# Air rifle recommendations



## Plainsman

I have an old Sheridan Blue Streak, but wanted something that loads faster and had more velocity. So a couple of weeks ago I bought a Gamo Bull Whisper (Bone Collector). It said 1300 fps with Platinum, and came with a package of them. Well 1100 fps was the best it would do. I thought I would get 1000 with lead, but nope I got 846 fps average with 8 gr pellets. So I took it back, but they didn't have another, and didn't get one for a week so I went to Bismarck and purchased another. Velocities are the same, but it groups about six inches at 20 yards. My old Sheridan clover leafes at 20 yards.

I guess new isn't better, but I would like a decent rifle with at least 1000 fps with lead. I know there are good ones out there, but you have to pay over $400. I also want nitrogen piston because you can carry them loaded which would stress a spring piston. Also he nitro piston are more quite. I guess my question is have any of you seen a nitro piston with a fixed barrel? What recommendations would you make?


----------



## spentwings

There isn't a fixed barreled gas piston that I'm aware of.
Hitting that 1000 fps mark with a lead pellet that your gun likes may not be possible.
a recommendation however,,,
http://www.airgundepot.com/shot-show-day-2-article.html

http://www.pyramydair.com/s/m/Benjamin_ ... _Camo/3369

If interested, I do have an original Crosman NP .177 cal with an after market trigger and quality scope I'd give you
a deal on. It's been used lightly,,,has maybe 400 pellets through it and shoots great.
I've been thinking about selling it for awhile,,,,no particular reason,,,just prefer my RWS springers.


----------



## Habitat Hugger

I looked at the whisper in a gun shop, and was a bit surprised with the noise. But if it won't perform to specs and has bad groups from a pretty expert guy like Plainsman I just lost interest. Wanted it mainly for picking off striped gophers in the yard before my dog digs them out, leaving badger sized holes. 6 inch groups are pretty useless! 
I've heard good things about RWS. I'll trade MV for accuracy any day.


----------



## Plainsman

Thanks guys. I used the chat option on Airgundepot and the guy recommended RWS over about everything. I see Benjamin has a combination fixed barrel. You can buy a $150 high pressure hand pump and pump up the reservoir or you can use CO2. It's $235 ordered online. I wish I had the bucks for the Marauder. Pyramid air has some nice rifles too.


----------



## PiedmontNCAirgunner

Which model RWS did you end up with............I assume a model 34 which most folks start with. They are great rifles if that is what you ended up with.

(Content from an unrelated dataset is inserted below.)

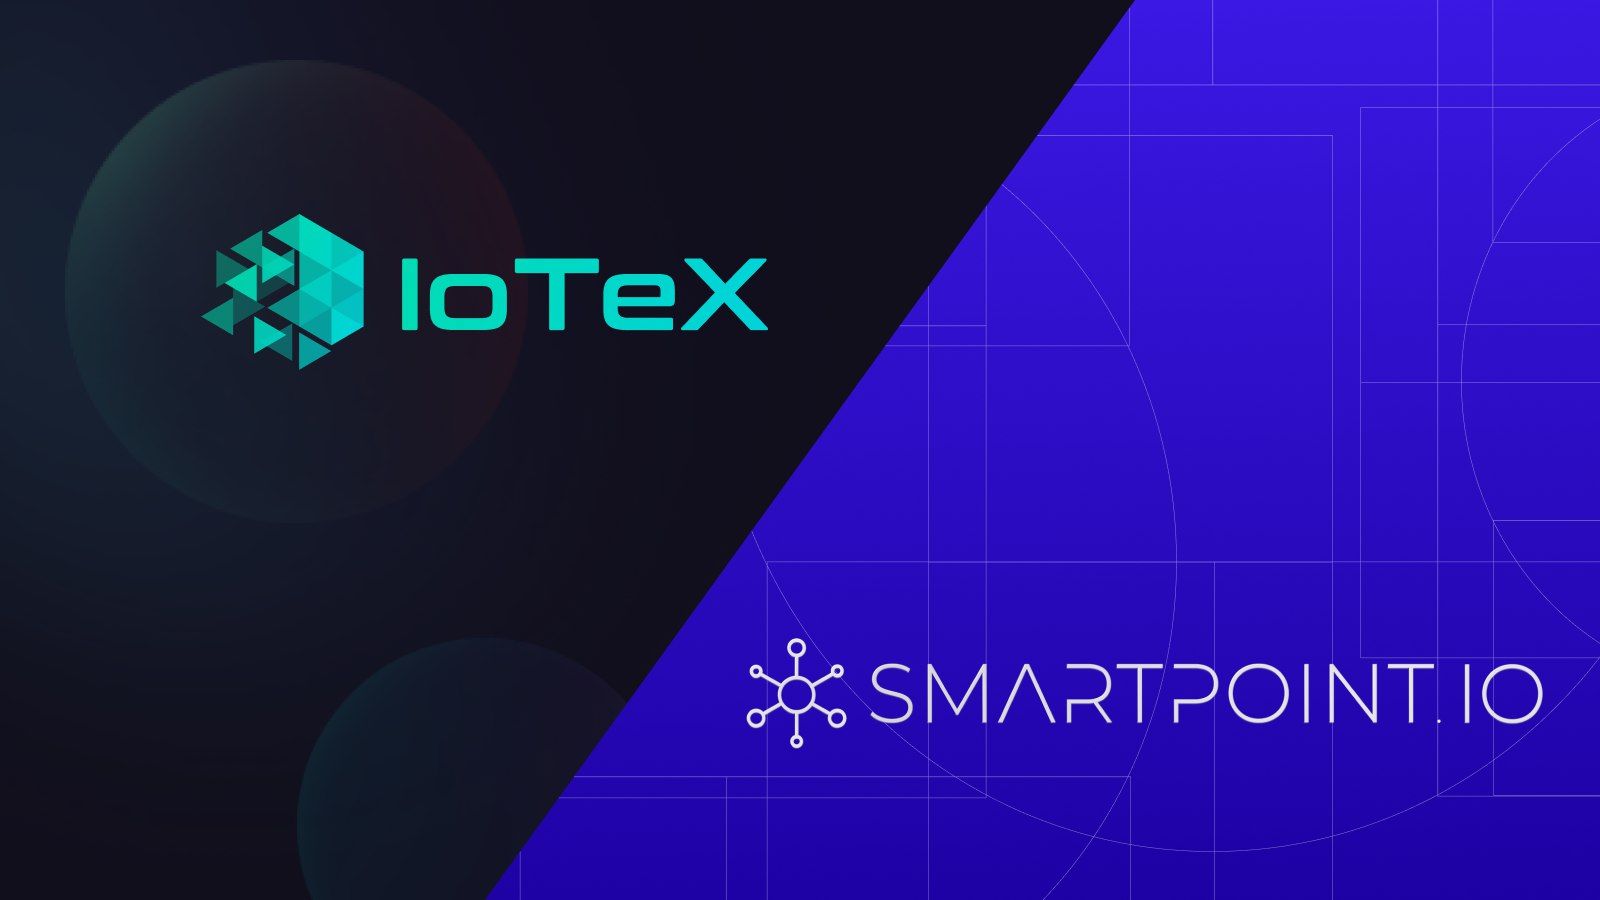 SmartPoint.io and IoTeX Join Forces to Bring Attention to Web3

As far as Gamo goes..............sorry, but mainly a gimmick rifle! These claimed velocities are usually done with non-lead pellets and are hard on a springer!

Gamo is a departmental store air gun. You are on the right path with the Diana German brand for sure. I tune them and Weihrauch at my business and anytime anyone is looking to buy gimmick rifles I try to point them toward quality German made rifles.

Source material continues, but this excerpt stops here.